A Large-Area Optical Time Projection Chamber for Hard X-ray Polarimetry with Directional Imaging of Low-Energy Electron Recoils

TL;DR

This paper presents a large-area optical TPC designed for X-ray polarimetry, capable of reconstructing low-energy electron directions with high angular resolution, enabling new astrophysical observations of transient phenomena.

Contribution

The development of a large-volume optical TPC with optical readout for high-energy X-ray polarimetry is a novel approach extending photoelectric-effect polarimetry to higher energies.

Findings

Achieved electron reconstruction in 10-60 keV range

Obtained angular resolution as good as 15 degrees

Demonstrated high modulation factors up to 0.9

Abstract

We report on the development of a large-volume, wide field-of-view time projection chamber (TPC) for X-ray polarimetry, featuring a triple-GEM amplification stage and optical readout. Originally developed within the CYGNO program for directional dark matter searches, the system employs a scientific CMOS (sCMOS) camera and a photomultiplier tube (PMT) to collect secondary scintillation light produced during charge amplification.
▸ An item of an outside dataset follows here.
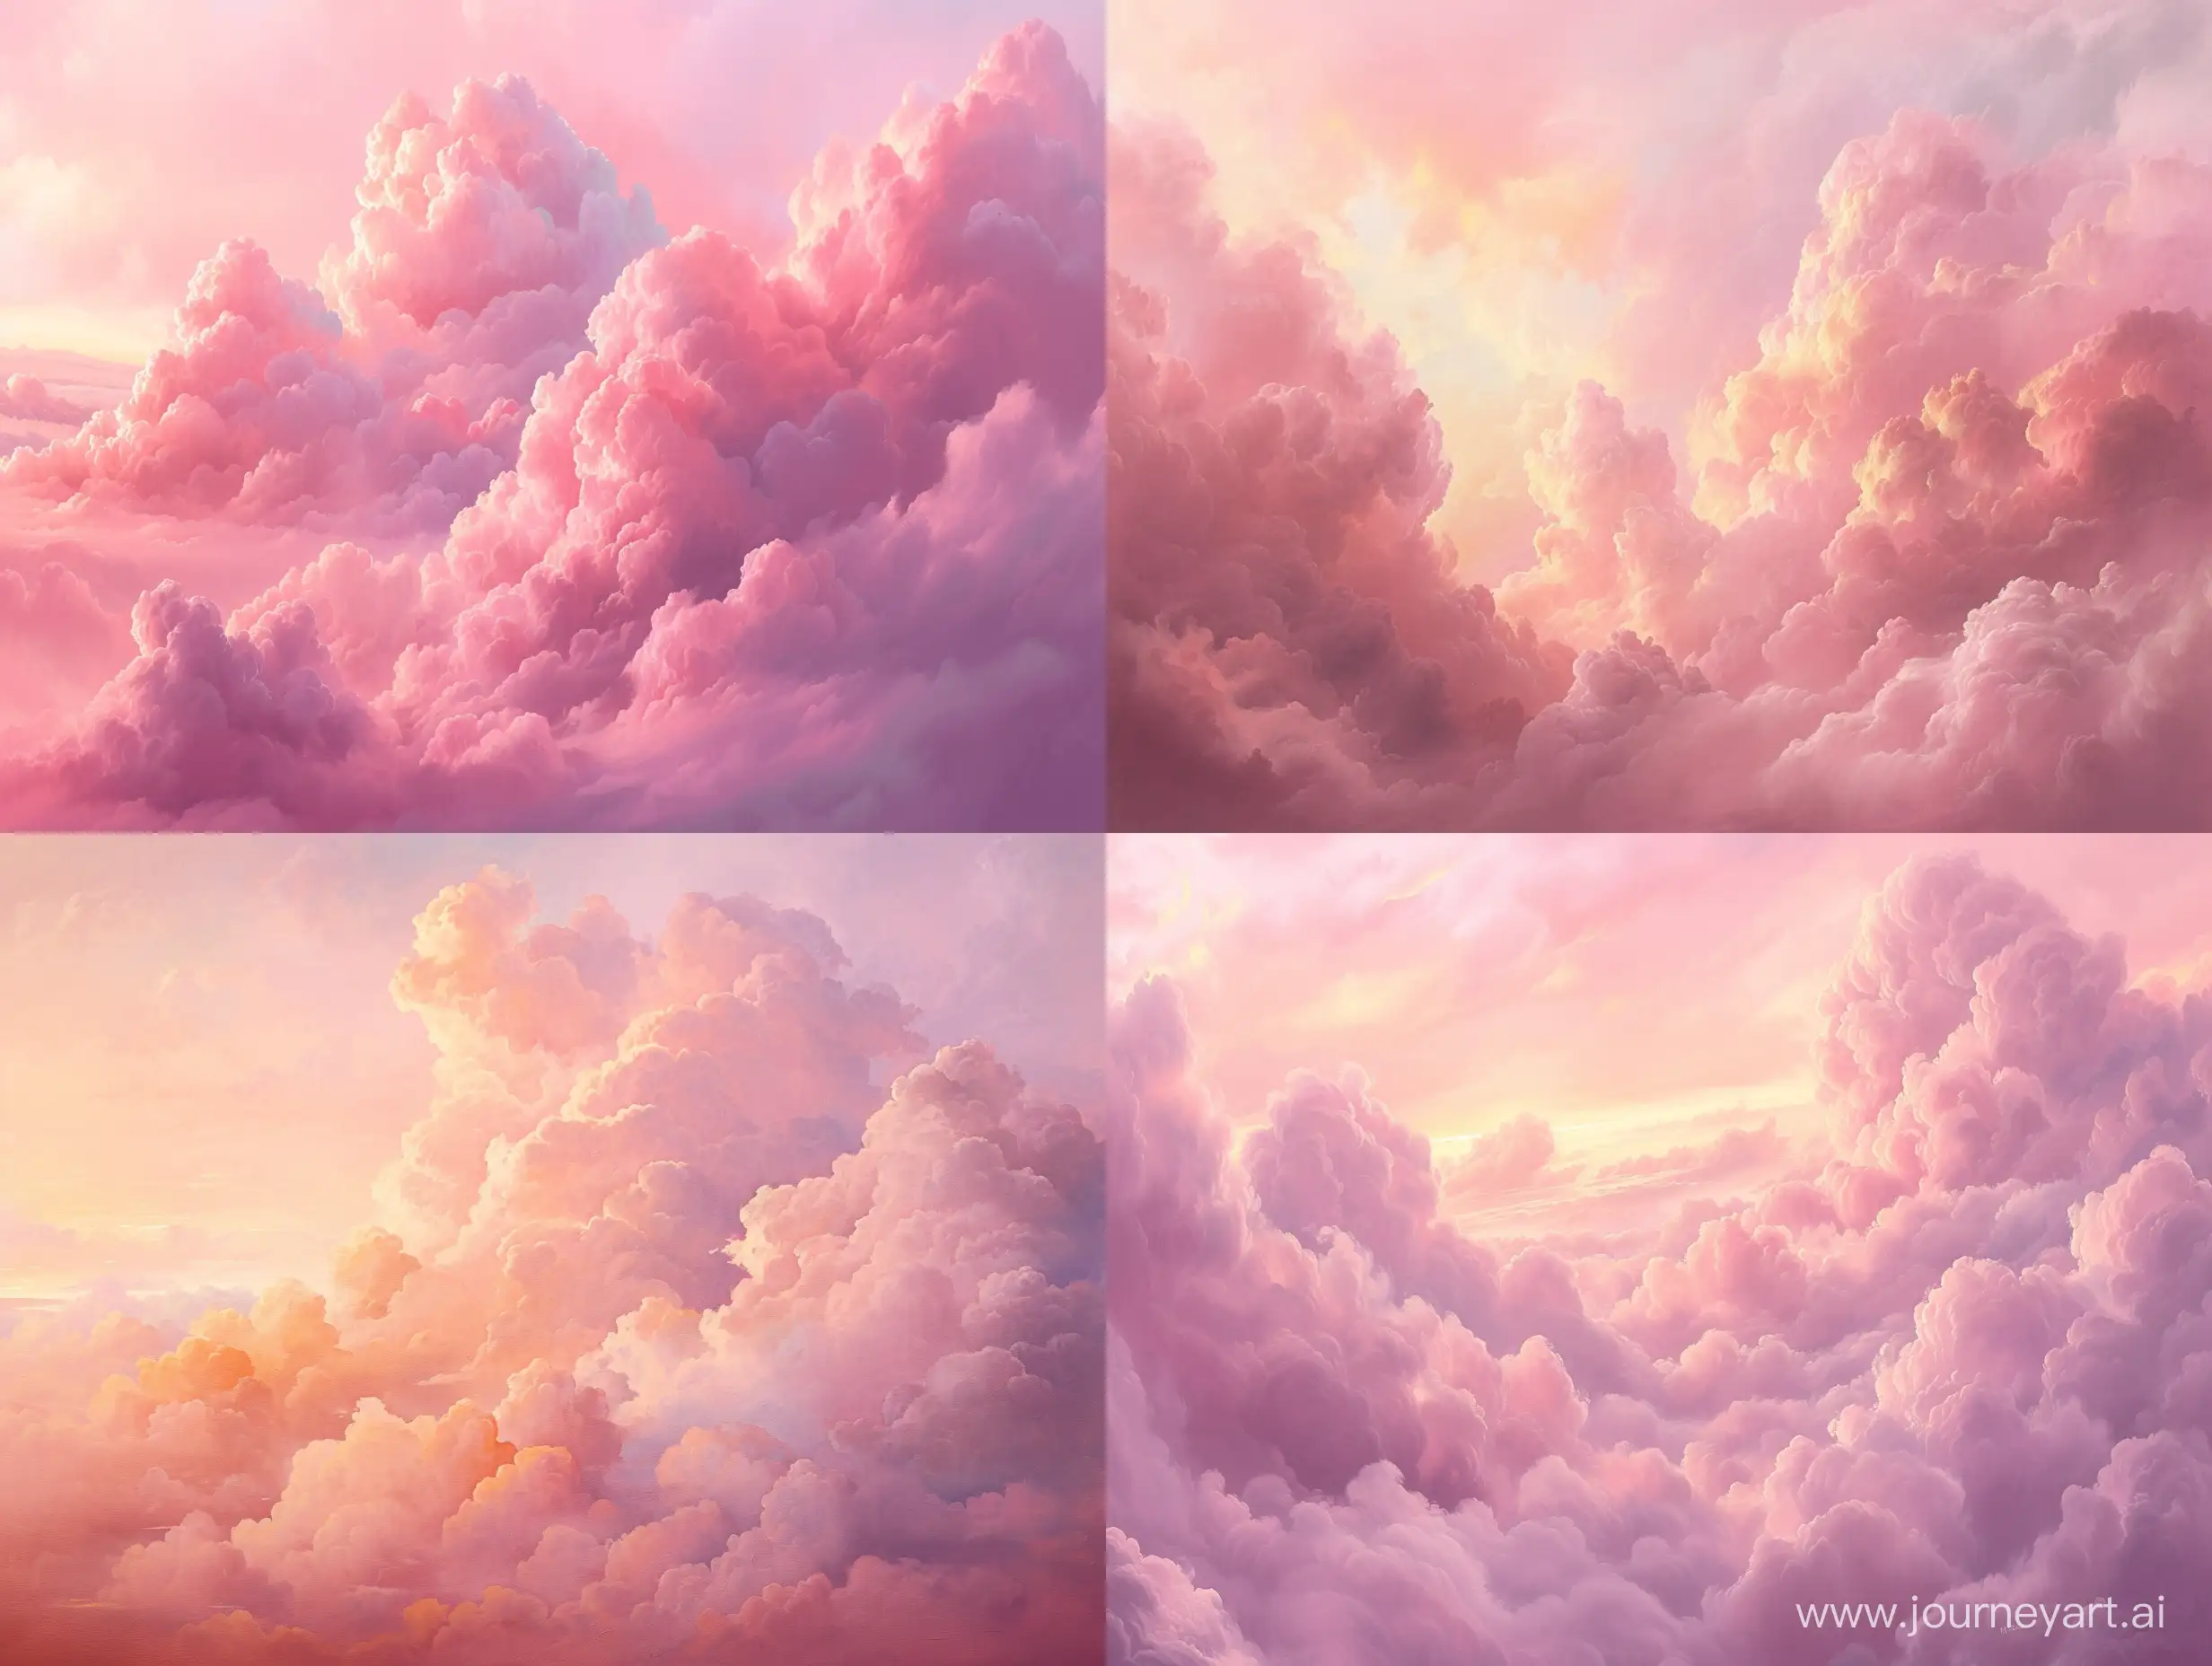 Ethereal-Sunset-Sky-in-Soft-Pink-Tones-Dreamy-Oil-Painting-with-Fluffy-Clouds-and-Cotton-Candy-Texture

A prototype with a cylindrical active volume (radius 3.7 cm, height 5 cm) was tested at the INAF--IAPS calibration facility (Rome, Tor Vergata) to assess sensitivity to low-energy electron directionality. We fully reconstruct electrons in the 10-60 keV range, obtain angular resolutions as good as 15{\deg}, and infer modulation factors up to 0.9. These first results demonstrate robust photoelectron tracking at tens of keV with strong modulation, indicating that photoelectric-effect polarimetry can be extended to higher energies. This capability is promising for rapid transients (GRBs, solar flares) and would broaden the astrophysical reach of X-ray polarimetry.